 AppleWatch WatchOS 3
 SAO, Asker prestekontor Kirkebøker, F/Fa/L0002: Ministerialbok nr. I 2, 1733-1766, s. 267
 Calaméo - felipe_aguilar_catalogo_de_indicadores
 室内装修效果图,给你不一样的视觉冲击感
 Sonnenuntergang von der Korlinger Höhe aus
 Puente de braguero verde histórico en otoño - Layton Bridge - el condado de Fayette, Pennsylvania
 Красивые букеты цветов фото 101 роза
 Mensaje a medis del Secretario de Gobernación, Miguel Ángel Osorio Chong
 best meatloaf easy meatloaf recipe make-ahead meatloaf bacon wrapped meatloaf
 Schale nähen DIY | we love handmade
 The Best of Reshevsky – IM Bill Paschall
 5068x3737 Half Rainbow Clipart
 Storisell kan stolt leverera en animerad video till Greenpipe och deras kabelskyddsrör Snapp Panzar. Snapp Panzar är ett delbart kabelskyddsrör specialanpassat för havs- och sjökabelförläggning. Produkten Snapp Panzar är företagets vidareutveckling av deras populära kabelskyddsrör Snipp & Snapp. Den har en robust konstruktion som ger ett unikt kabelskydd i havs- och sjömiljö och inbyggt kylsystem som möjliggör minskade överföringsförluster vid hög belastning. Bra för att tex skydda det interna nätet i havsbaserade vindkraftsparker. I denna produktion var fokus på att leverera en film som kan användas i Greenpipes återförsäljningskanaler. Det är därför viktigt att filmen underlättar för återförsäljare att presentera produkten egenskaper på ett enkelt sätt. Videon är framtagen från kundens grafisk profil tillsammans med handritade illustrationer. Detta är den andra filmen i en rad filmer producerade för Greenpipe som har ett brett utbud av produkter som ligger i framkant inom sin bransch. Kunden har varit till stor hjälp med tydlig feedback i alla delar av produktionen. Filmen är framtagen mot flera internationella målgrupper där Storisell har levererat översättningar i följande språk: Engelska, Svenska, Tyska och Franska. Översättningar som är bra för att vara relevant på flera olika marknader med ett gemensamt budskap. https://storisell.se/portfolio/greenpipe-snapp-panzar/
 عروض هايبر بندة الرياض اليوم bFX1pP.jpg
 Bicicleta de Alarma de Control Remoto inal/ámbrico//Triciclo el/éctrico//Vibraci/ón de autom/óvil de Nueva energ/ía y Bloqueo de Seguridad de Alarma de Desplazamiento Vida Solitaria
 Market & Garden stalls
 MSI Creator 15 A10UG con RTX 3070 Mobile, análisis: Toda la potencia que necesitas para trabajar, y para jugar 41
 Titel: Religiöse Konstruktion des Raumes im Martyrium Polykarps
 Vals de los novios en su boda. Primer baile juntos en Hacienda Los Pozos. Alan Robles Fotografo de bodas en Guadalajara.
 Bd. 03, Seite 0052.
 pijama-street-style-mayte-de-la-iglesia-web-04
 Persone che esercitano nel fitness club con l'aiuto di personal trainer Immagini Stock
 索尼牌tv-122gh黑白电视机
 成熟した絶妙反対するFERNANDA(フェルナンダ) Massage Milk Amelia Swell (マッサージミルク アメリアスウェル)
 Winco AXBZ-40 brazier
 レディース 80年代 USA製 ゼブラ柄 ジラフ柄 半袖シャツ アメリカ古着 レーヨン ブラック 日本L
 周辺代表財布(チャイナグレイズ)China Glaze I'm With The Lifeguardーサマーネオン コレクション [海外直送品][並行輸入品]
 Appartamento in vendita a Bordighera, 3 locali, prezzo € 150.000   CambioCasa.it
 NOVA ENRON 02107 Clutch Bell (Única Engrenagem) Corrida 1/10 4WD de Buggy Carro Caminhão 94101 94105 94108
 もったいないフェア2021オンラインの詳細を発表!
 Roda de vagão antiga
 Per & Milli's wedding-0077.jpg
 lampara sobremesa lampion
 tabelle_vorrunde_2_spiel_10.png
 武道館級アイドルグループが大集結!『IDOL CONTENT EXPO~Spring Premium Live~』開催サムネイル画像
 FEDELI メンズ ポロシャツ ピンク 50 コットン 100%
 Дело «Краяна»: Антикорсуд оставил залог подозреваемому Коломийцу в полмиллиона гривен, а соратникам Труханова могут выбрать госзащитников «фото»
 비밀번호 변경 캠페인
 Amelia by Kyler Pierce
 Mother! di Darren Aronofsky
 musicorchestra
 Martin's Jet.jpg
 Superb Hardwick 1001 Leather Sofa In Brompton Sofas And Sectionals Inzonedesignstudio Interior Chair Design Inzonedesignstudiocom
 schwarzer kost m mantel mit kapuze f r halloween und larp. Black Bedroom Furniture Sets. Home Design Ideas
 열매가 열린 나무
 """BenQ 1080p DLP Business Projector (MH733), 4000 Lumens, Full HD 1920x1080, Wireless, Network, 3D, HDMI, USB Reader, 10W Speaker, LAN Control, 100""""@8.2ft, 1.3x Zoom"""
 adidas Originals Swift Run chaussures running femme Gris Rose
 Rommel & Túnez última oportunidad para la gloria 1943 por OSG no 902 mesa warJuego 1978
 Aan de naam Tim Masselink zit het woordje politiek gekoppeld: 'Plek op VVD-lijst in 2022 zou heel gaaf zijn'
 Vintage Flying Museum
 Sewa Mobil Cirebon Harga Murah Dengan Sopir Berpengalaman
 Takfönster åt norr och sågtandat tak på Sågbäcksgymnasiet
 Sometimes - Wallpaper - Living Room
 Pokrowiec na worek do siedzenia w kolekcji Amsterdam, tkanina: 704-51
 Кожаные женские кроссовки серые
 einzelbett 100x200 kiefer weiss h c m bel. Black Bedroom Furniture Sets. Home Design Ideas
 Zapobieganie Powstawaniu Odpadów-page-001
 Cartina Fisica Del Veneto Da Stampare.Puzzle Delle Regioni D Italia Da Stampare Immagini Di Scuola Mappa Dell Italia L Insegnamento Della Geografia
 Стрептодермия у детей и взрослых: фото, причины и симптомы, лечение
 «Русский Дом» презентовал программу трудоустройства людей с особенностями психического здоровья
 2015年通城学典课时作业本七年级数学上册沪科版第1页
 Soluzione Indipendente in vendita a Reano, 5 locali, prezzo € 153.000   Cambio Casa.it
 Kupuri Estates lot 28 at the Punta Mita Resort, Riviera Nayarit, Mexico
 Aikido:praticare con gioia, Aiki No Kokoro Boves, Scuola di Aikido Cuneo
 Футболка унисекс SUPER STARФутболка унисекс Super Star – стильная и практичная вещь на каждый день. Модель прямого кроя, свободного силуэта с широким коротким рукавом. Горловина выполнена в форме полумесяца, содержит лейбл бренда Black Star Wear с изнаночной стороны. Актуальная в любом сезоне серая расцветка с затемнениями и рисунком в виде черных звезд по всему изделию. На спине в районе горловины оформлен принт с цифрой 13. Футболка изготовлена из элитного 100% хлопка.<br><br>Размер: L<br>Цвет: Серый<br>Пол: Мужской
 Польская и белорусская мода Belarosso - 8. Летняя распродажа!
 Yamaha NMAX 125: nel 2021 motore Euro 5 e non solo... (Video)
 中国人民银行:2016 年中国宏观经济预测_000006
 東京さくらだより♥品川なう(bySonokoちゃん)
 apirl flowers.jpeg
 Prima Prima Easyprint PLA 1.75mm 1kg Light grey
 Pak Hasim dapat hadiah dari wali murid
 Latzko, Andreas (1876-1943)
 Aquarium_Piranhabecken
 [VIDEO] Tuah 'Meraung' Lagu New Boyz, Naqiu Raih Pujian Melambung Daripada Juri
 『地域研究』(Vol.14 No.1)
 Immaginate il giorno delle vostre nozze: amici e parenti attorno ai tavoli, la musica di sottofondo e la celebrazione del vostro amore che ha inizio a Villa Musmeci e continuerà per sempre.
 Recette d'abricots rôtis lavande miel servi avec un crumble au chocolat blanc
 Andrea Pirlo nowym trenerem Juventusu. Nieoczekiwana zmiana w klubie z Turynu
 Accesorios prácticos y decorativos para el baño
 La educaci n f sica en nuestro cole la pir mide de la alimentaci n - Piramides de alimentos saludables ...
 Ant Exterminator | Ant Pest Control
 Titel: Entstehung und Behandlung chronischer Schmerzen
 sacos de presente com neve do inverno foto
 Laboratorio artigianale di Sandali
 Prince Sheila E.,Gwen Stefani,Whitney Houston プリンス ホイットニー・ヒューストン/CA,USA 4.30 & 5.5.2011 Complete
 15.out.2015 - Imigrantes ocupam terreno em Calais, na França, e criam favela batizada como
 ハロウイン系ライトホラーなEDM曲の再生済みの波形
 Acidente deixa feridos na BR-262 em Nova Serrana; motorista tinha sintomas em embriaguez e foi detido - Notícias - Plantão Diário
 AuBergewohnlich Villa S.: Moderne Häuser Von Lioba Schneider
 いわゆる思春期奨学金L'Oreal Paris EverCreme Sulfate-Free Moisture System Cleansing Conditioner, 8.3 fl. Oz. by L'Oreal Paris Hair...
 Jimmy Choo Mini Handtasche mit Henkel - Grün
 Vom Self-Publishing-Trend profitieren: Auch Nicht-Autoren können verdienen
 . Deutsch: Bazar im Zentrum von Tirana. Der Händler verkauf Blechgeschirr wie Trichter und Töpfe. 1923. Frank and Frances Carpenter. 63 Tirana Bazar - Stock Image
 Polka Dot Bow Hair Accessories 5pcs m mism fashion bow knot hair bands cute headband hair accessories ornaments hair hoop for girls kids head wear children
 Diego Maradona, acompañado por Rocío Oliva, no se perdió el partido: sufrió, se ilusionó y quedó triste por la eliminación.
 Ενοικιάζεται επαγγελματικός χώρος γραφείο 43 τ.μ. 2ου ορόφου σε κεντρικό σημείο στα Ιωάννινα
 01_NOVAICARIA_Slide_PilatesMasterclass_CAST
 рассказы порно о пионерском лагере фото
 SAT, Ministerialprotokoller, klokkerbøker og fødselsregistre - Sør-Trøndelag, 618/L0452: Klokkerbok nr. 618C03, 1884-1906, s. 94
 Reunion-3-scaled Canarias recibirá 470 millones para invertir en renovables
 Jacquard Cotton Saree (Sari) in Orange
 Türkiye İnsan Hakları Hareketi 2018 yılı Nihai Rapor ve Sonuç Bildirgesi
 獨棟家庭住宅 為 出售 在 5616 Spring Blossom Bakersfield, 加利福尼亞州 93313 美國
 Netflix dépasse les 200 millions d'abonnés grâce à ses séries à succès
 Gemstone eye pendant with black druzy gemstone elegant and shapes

+++

▸ Requirement
Please state only the number of lines above that hold the string "Stock".

▸ Completed task
2